Qwen3.6-35B-A3B-RFT / README.md

shaneMattner

Upload README.md with huggingface_hub

11f9b93 verified 1 day ago

preview code

raw

history blame contribute delete

9.98 kB

	---
	language:
	- en
	license: apache-2.0
	library_name: transformers
	tags:
	- rejection-fine-tuning
	- self-distillation
	- qwen
	- qwen3.6
	- moe
	- deltanet
	- linear-attention
	- code-generation
	- coding
	- lora-merged
	- bf16
	base_model: Qwen/Qwen3.6-35B-A3B
	pipeline_tag: text-generation
	model-index:
	- name: Qwen3.6-35B-A3B-RFT
	results:
	- task:
	type: text-generation
	dataset:
	name: Self-generated coding dataset (RFT, filtered)
	type: custom
	metrics:
	- name: Train Loss
	type: train_loss
	value: 0.523
	- name: avg_sample_pass_rate (temp=0.7, 13 problems, 10 samples each)
	type: avg_sample_pass_rate
	value: 0.985
	---

	# Qwen3.6-35B-A3B-RFT

	A fine-tuned version of [Qwen/Qwen3.6-35B-A3B](https://huggingface.co/Qwen/Qwen3.6-35B-A3B) using Rejection Fine-Tuning (RFT) on self-generated data, inspired by the [Simple Self-Distillation (SSD)](https://arxiv.org/abs/2604.01193) paper. The LoRA adapter has been merged into the base weights -- this is a standard bf16 model ready for direct use or quantization.

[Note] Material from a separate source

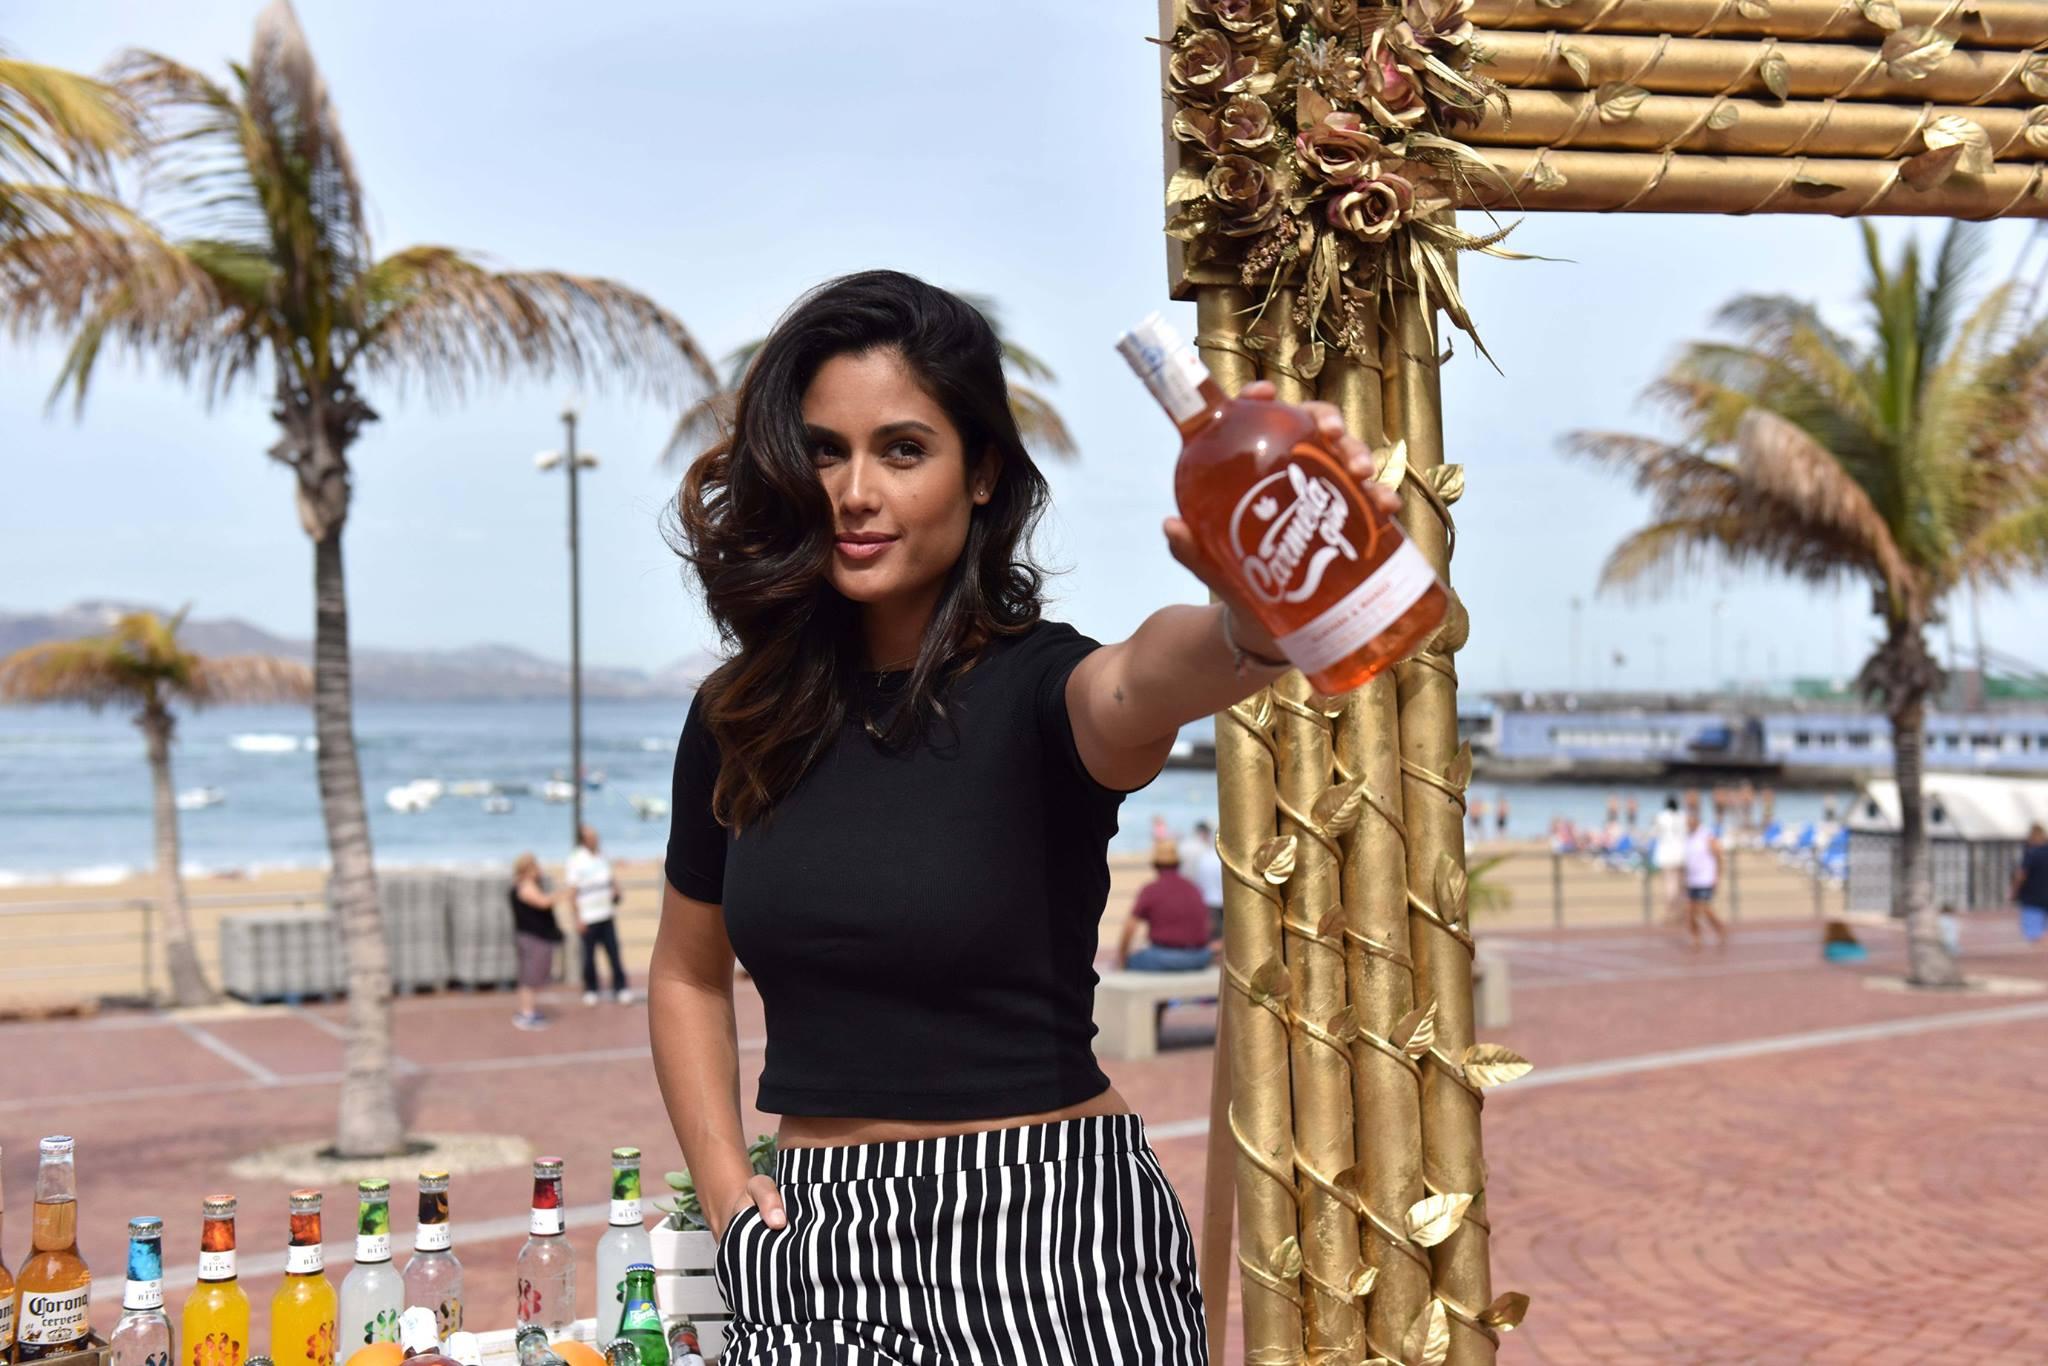 Carmela Gin patrocina el FashionShow +QModa Canarias Tribute

	## Method (RFT, Not Pure SSD)

	Our method is inspired by the SSD paper ("Embarrassingly Simple Self-Distillation Improves Code Generation", arxiv 2604.01193) but differs in a critical way:

	- SSD (the paper): Generates samples from the model and trains on ALL of them -- correct and incorrect -- with NO filtering. That is the paper's key insight: unfiltered self-generated data still improves pass@k.
	- Our method: We generated samples at high temperature, then filtered for correctness using execution-based verification (2,000 generated, 1,796 passed tests). We trained only on correct outputs.

	This makes our method Rejection Fine-Tuning (RFT) -- also known as rejection sampling + SFT or on-policy distillation. RFT is a well-established technique. The difference matters: SSD's claim is that filtering is unnecessary; we used filtering, so we cannot validate or invalidate that claim.

	## Model Details

	\| Property \| Value \|
	\|----------\|-------\|
	\| Architecture \| Qwen3.5 MoE with Gated DeltaNet linear attention (see note below) \|
	\| Total parameters \| 34.66B \|
	\| Active parameters \| ~3B (Mixture of Experts, 256 experts, 8 active per token) \|
	\| Hidden layers \| 40 (30 linear attention + 10 full attention) \|
	\| Precision \| bfloat16 \|
	\| Model size on disk \| ~64 GB \|
	\| Context length \| 262,144 tokens \|
	\| License \| Apache 2.0 \|

	> Architecture note: The HuggingFace config reports `model_type: qwen3_5_moe` -- Qwen3.6 is built on the Qwen3.5 MoE architecture with the addition of Gated DeltaNet linear attention layers.

	## Training Details

	### Method

	1. Generated 2,000 coding solutions from the base model at temp=1.6, top_k=20, top_p=0.8
	2. Filtered for correctness (execution + test pass) -- 1,796 samples survived
	3. Split into 1,616 train / 180 validation
	4. Fine-tuned with LoRA, then merged adapter into base weights

	### LoRA Configuration

	\| Parameter \| Value \|
	\|-----------\|-------\|
	\| Rank (r) \| 16 \|
	\| Alpha \| 16 \|
	\| Dropout \| 0.0 \|
	\| Target modules \| q_proj, k_proj, v_proj, o_proj, gate_proj, up_proj, down_proj, in_proj_qkv, in_proj_z, out_proj \|
	\| Trainable parameters \| 19.2M / 34.66B (0.055%) \|

	The target modules include both standard transformer attention/MLP layers and Qwen3.6's DeltaNet linear attention layers (in_proj_qkv, in_proj_z, out_proj).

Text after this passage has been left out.